Previously we showed that finding of intra-amniotic “sludge” (IAS), an ultrasound (US) finding of hyperechoic matter in the amniotic fluid (AF) close to cervical internal os, did not change pregnancy outcome in asymptomatic patients (pts) undergoing high cerclage for sonographically short cervix (Cx). We aim to find if addition of 22 pts to previously reported 46 changes the result.METHODS:
Records of 68 consecutive pts, who underwent high MacDonald cerclage between 16–24 6/7 weeks (wks) for a sonographically short Cx (<25 mm) between 2007–2015 were evaluated.

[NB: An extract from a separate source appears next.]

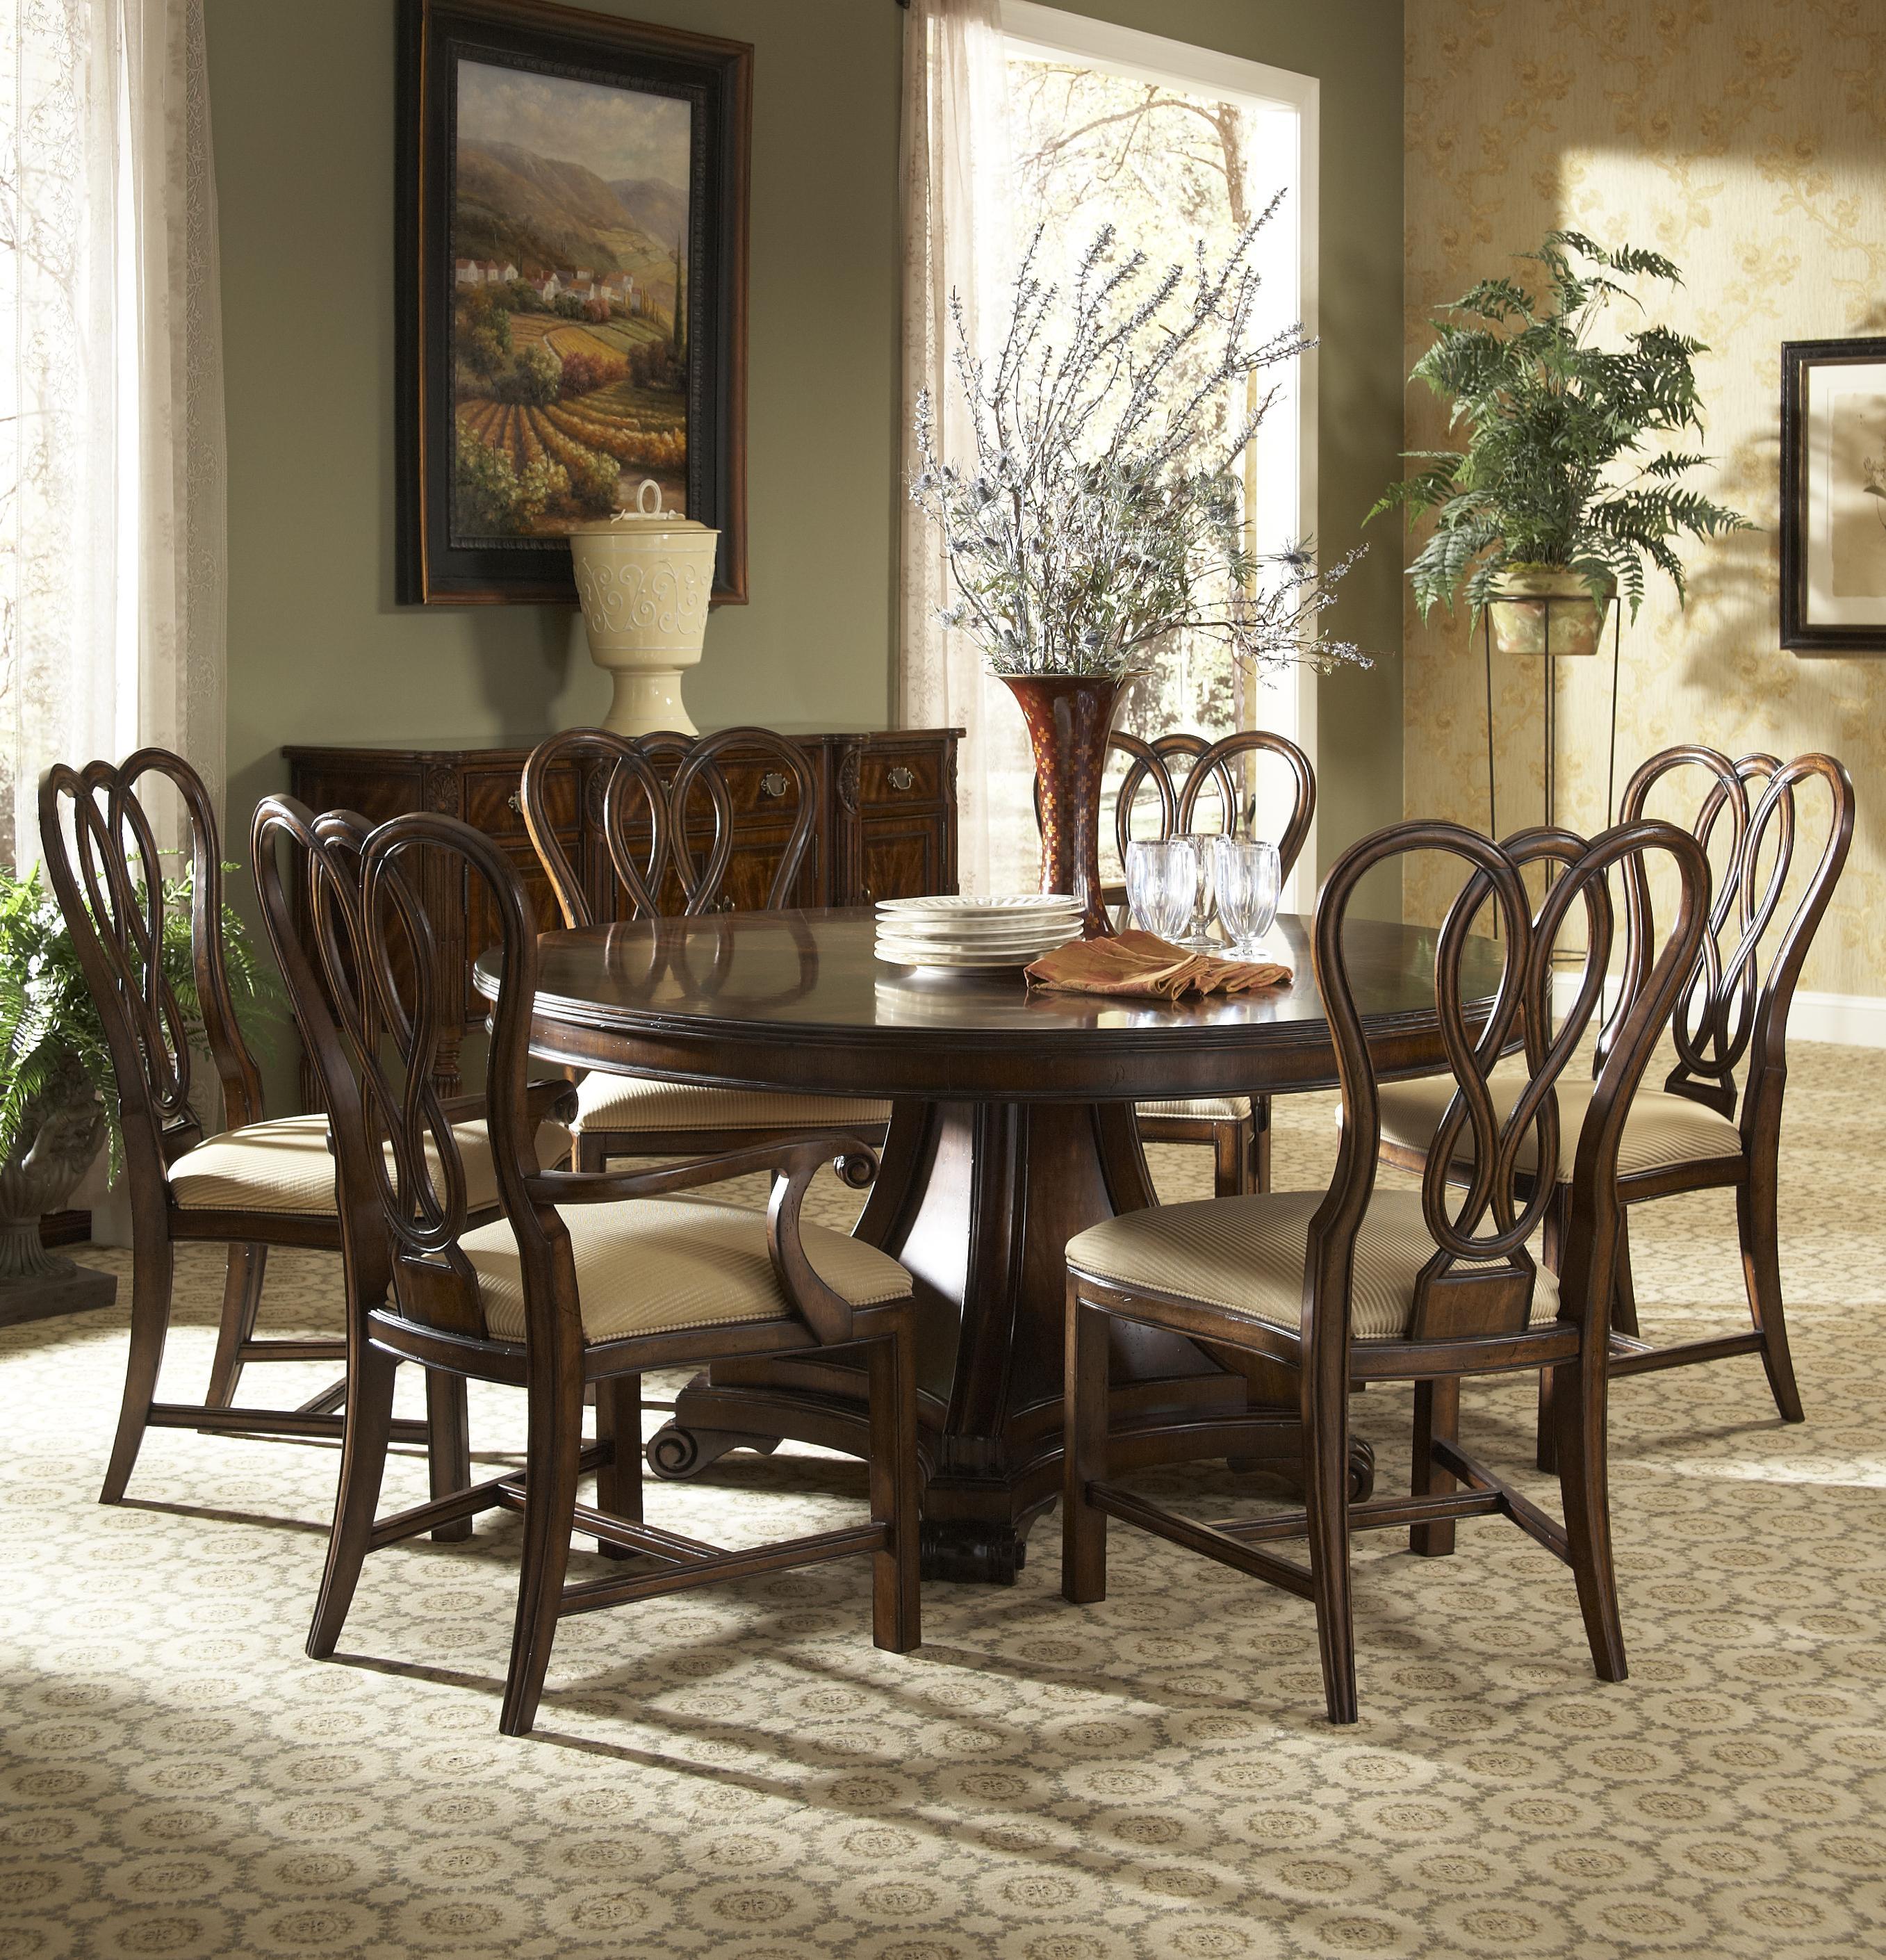 Fine Dining Room Tables: Fine Furniture Design Dining Room

Transvaginal US images were evaluated for cervical length, funneling and presence of IAS. Baseline morphological characteristics and pregnancy outcomes were compared between those with and without IAS.RESULTS:
Of 68 pts, 36 had IAS present and 32 did not. Pts with IAS had shorter Cx at time of cerclage 9.9±7 vs 13.7±6.7 mm (P=.025) and more cervical funneling (P=.022). Other baseline characteristics were largely similar. Pregnancy outcomes were similar for delivery rates at gestational age (GA) with mean; 36 1/7±4 wks for IAS, 36 4/7±4 2/7 wks for no IAS (P=.719), and neonatal weight; 2745 (808) grams vs. 2938 (827) grams (P=.356).CONCLUSION:
Despite associated differences in Cx funneling and shorter Cx, presence of IAS did not affect pregnancy outcome in GA at delivery or neonatal birth weight. These results suggest that presence of IAS does not contraindicate use of optimally placed cerclage in asymptomatic pts who are candidates for cerclage.